Data extracted from a collection

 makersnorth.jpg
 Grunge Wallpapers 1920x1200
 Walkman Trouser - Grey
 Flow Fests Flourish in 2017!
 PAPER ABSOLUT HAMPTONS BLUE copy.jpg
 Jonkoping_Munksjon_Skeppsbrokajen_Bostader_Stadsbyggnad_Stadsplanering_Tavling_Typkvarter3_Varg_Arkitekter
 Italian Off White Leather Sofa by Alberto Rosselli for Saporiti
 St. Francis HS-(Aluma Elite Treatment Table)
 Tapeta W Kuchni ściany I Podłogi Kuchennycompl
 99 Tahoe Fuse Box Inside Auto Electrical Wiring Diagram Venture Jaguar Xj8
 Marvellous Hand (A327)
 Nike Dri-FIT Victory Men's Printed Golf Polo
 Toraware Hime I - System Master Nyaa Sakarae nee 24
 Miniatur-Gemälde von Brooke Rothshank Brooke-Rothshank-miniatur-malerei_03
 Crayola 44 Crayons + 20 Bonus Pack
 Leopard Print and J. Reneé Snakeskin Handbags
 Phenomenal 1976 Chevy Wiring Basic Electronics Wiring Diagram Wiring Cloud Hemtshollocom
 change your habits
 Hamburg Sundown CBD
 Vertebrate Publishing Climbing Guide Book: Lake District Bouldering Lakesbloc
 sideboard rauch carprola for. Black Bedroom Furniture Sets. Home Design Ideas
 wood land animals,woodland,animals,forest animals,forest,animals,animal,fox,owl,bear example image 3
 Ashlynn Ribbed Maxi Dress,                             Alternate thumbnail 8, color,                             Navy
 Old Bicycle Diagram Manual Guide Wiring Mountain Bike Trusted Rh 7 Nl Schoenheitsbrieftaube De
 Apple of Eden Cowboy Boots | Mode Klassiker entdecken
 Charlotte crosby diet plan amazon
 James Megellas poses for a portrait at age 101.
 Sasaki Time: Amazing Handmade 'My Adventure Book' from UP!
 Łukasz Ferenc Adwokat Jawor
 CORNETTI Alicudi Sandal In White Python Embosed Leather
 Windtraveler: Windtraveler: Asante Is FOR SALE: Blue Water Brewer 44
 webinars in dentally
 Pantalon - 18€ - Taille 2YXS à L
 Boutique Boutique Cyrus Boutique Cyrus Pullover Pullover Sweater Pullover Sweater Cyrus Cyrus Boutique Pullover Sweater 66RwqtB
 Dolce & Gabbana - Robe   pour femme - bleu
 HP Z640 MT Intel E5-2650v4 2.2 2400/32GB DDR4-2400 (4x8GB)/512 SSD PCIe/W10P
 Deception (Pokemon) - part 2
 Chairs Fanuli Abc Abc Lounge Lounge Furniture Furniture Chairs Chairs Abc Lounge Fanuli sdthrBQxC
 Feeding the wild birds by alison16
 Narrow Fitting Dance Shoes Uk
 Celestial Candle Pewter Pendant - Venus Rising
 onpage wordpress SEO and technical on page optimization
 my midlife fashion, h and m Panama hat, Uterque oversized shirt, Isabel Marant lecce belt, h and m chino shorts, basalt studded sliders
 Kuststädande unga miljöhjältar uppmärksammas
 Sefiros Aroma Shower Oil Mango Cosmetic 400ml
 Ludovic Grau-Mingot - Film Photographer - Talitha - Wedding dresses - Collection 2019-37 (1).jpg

WORK TO COMPLETE | Would you restate word for word every line from the one holding "James Megellas poses" to the end of the entries, both ends included?

EXERCISE OUTPUT |
 James Megellas poses for a portrait at age 101.
 Sasaki Time: Amazing Handmade 'My Adventure Book' from UP!
 Łukasz Ferenc Adwokat Jawor
 CORNETTI Alicudi Sandal In White Python Embosed Leather
 Windtraveler: Windtraveler: Asante Is FOR SALE: Blue Water Brewer 44
 webinars in dentally
 Pantalon - 18€ - Taille 2YXS à L
 Boutique Boutique Cyrus Boutique Cyrus Pullover Pullover Sweater Pullover Sweater Cyrus Cyrus Boutique Pullover Sweater 66RwqtB
 Dolce & Gabbana - Robe   pour femme - bleu
 HP Z640 MT Intel E5-2650v4 2.2 2400/32GB DDR4-2400 (4x8GB)/512 SSD PCIe/W10P
 Deception (Pokemon) - part 2
 Chairs Fanuli Abc Abc Lounge Lounge Furniture Furniture Chairs Chairs Abc Lounge Fanuli sdthrBQxC
 Feeding the wild birds by alison16
 Narrow Fitting Dance Shoes Uk
 Celestial Candle Pewter Pendant - Venus Rising
 onpage wordpress SEO and technical on page optimization
 my midlife fashion, h and m Panama hat, Uterque oversized shirt, Isabel Marant lecce belt, h and m chino shorts, basalt studded sliders
 Kuststädande unga miljöhjältar uppmärksammas
 Sefiros Aroma Shower Oil Mango Cosmetic 400ml
 Ludovic Grau-Mingot - Film Photographer - Talitha - Wedding dresses - Collection 2019-37 (1).jpg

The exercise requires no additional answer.